How libavif Uses dav1d for AVIF Decoding
This article explains how the libavif library utilizes
the highly optimized dav1d decoder to translate compressed
AV1 bitstreams into renderable AVIF images. It covers the structural
relationship between the AVIF container and the AV1 codec, the
step-by-step decoding pipeline, and why dav1d is the
preferred decoding engine for modern AVIF image processing.
The Relationship Between AVIF, libavif, and dav1d
To understand how libavif uses dav1d, it is
essential to understand what an AVIF file actually is. AVIF (AV1 Image
File Format) is not a brand-new image compression algorithm; rather, it
wraps highly compressed AV1 video keyframes inside an ISOBMFF (ISO Base
Media File Format) container.
Because of this hybrid structure, decoding an AVIF image requires two distinct operations: 1. Container Parsing: Reading the file structure, extracting metadata (such as Exif, XMP, and ICC color profiles), and locating the raw compressed image data. 2. Image Decoding: Decompressing the raw AV1 video bitstream into raw pixel data.
The libavif library is responsible for the first task
(parsing the container). However, libavif does not actually
contain an AV1 decoder. Instead, it acts as a wrapper and delegates the
complex, CPU-intensive task of decompressing the AV1 bitstream to an
external AV1 decoder. dav1d, developed by the VideoLAN
project, is the primary and most popular decoder library used by
libavif for this purpose.
The Step-by-Step Decoding Workflow
When an application requests libavif to decode an AVIF
image, the library coordinates with dav1d through a
structured sequence of API calls:
1. Parsing and Demuxing
First, libavif parses the AVIF container. It identifies
the image properties, such as width, height, bit depth, and color
configuration. It then extracts the compressed AV1 payload (the “item”
data representing the image).
2. Initializing the dav1d Context
Once the compressed AV1 payload is isolated, libavif
initializes a dav1d decoder context. If
libavif was compiled with dav1d support (which
is standard in modern web browsers and operating systems), it configures
dav1d settings, such as the number of CPU threads to
allocate for decoding.
3. Passing the Bitstream to dav1d
libavif feeds the raw AV1 bitstream into the
dav1d decoder using dav1d’s input API
(dav1d_send_data). The dav1d engine then
parses the AV1 sequence headers, frame headers, and tile groups.
4. Hardware-Accelerated Decoding
Inside dav1d, the heavy mathematical lifting occurs.
dav1d utilizes highly optimized assembly code (written for
specific CPU architectures like x86 AVX2/AVX-512 and ARM NEON) to
perform inverse quantization, inverse transforms, and loop filtering. It
reconstructs the image pixels and outputs a raw image frame.
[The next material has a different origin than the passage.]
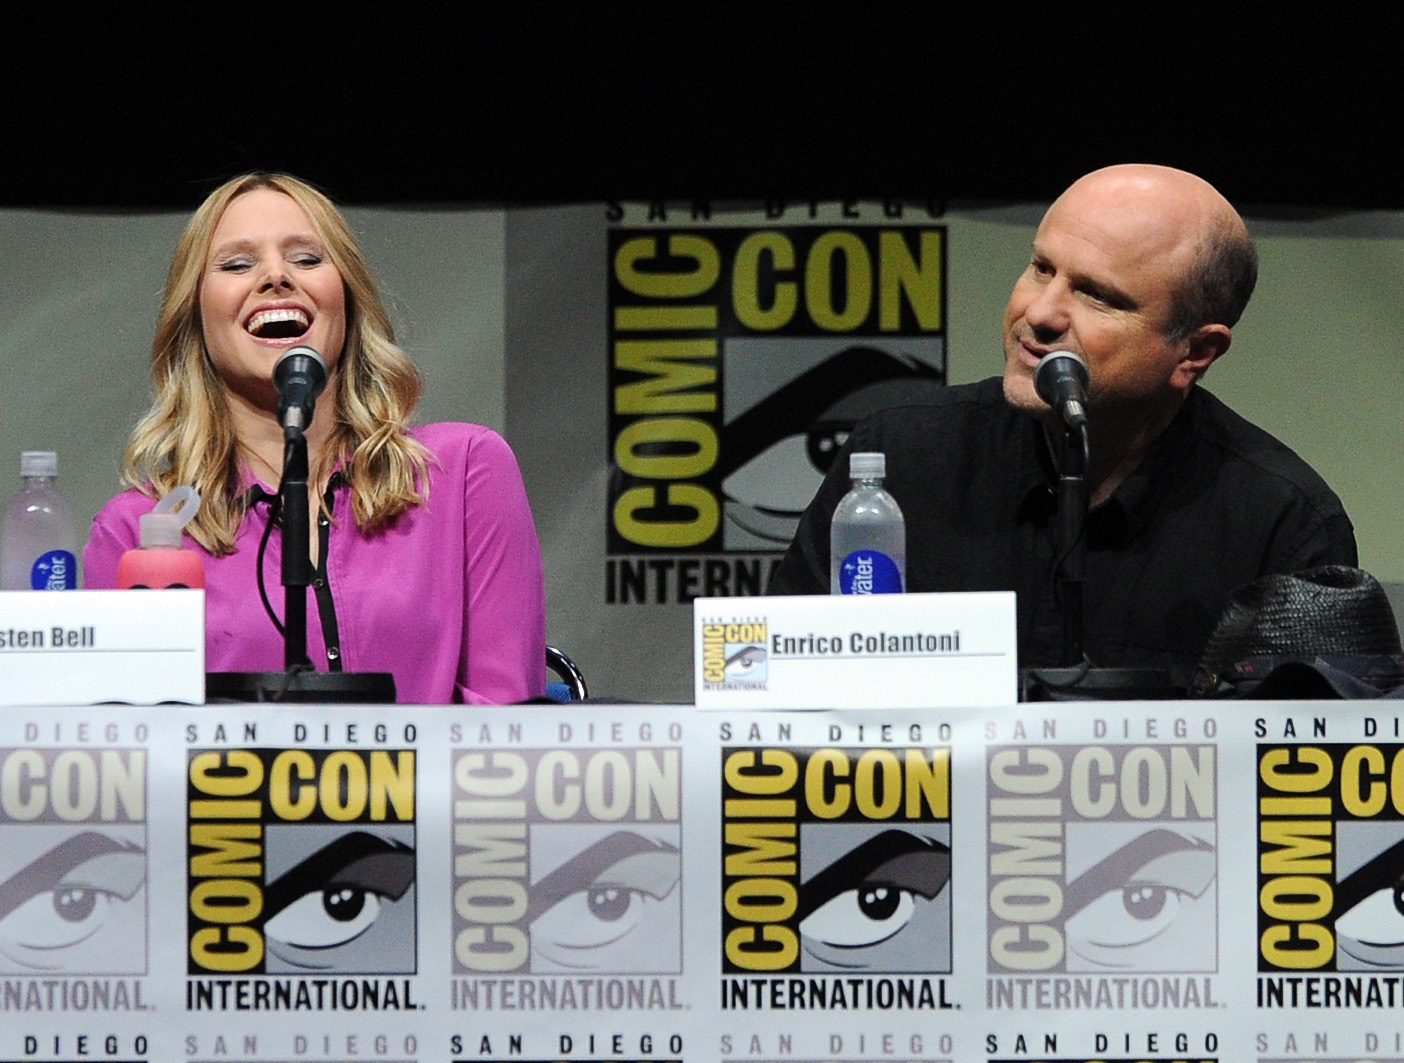 Kristen Bell and Enrico Colantoni at event of Veronica Mars (2014)

5. Retrieving the Raw Frame
Once decoding is complete, libavif retrieves the raw
frame from the decoder using the dav1d_recv_frame API. This
frame is typically in a YUV color format (such as YUV 4:2:0 or YUV
4:4:4).
6. Post-Processing and Output
Finally, libavif takes the YUV pixel buffer received
from dav1d, applies any container-level transformations
specified in the AVIF file (such as rotation or cropping), and converts
the YUV pixels into the RGB format required by the host application.
Why libavif Relies on dav1d
While libavif can technically use other AV1 decoders
like Google’s libaom, dav1d is the industry
standard for decoding for several reasons:
- Speed and Performance:
dav1dwas built from the ground up to be the fastest software AV1 decoder, relying heavily on hand-written assembly optimizations. - Low Memory Footprint: It is designed to be lightweight, making it suitable for memory-constrained environments like web browsers and mobile devices.
- Excellent Multi-threading:
dav1dfeatures advanced tile-based and frame-based multi-threading, allowing it to decode high-resolution AVIF images almost instantly on multi-core processors.